As investigações iniciadas na Procuradoria da República no município de Rio Verde no início de 2013 buscou identificar a fazenda onde ocorreram os fatos, bem como duas testemunhas oculares dos crimes ocorridos no ano de 1973. Documentos colhidos durante a investigação e testemunhas ouvidas pelo Ministério Público Federal e pela Comissão Nacional da Verdade corroboraram que a ordem para a ocultação dos cadáveres partiu de Epaminondas Nascimento, razão pela qual o capitão reformado da PM goiana é denunciado, agora, em ação do Ministério Público Federal, pelo crime previsto no artigo 211, do Código Penal (ocultação de cadáver). Ouvido pelo Ministério Público Federal, o denunciado negou os fatos imputados na peça acusatória.

Na história
O caso havia sido arquivado em 1986, por entender que o crime encontrava-se prescrito. Consultados, a 2ª Câmara de Coordenação e Revisão do Ministério Público Federal e o Grupo de Trabalho Justiça de Transição, vinculado à 2ª CCR, entenderam que o arquivamento ocorrido em 1986 não alcança os atos consumativos posteriores à data do arquivamento, uma vez que o delito de ocultação de cadáver, previsto no artigo 211, do Código Penal, é crime permanente.  Ou seja, considerando que os cadáveres nunca foram localizados, o crime, iniciado na época da Ditadura Militar, está ocorrendo ainda hoje, razão pela qual é possível o oferecimento da denúncia, protocolizada em 19 de dezembro de 2013, perante a Subseção da Justiça Federal em Rio Verde.

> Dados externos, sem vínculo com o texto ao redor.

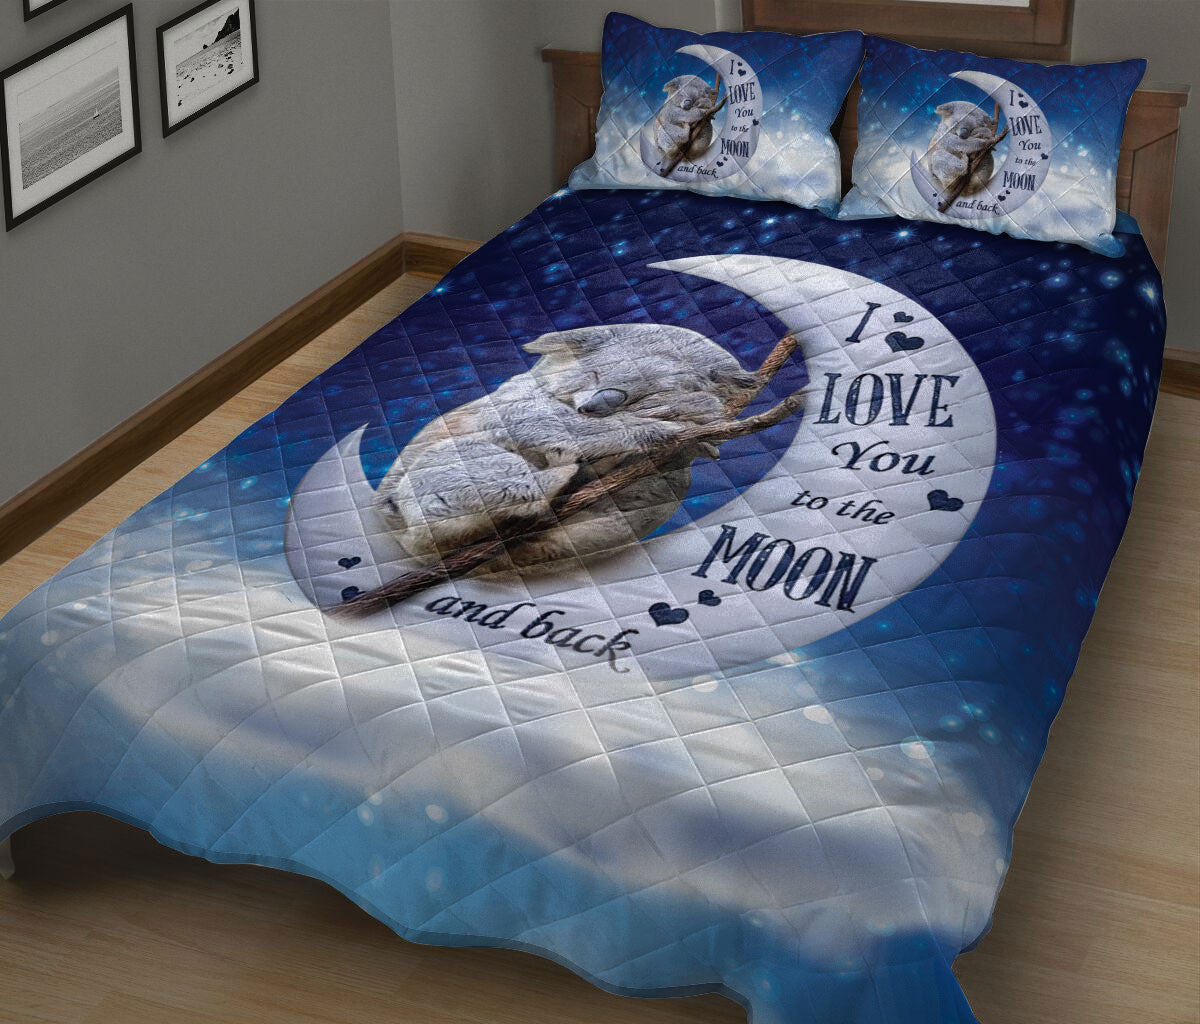 Ohaprints-Quilt-Bed-Set-Pillowcase-Cute-Koala-I-Love-You-To-The-Moon-And-Back-Gift-For-Animal-Lover-Blanket-Bedspread-Bedding-837-King (90'' x 100'')

De acordo com o procurador da República Wilson Rocha Assis, a denúncia proposta permitirá à sociedade e ao Poder Judiciário aprofundarem na discussão sobre a forma pela qual a sociedade brasileira deve se relacionar com o seu passado ditatorial.

Para o procurador da República, “a responsabilização penal dos agentes que praticaram crimes durante o regime ditatorial é um imperativo de justiça exigido pela Constituição da República de 1988, bem como por tratados internacionais subscritos pelo Brasil. Revisitando seu passado e punindo os agentes responsáveis por graves violações aos direitos humanos, o Brasil cumprirá a jurisprudência da Corte Interamericana de Direitos Humanos, seguindo o bom exemplo de outros países do Cone Sul”.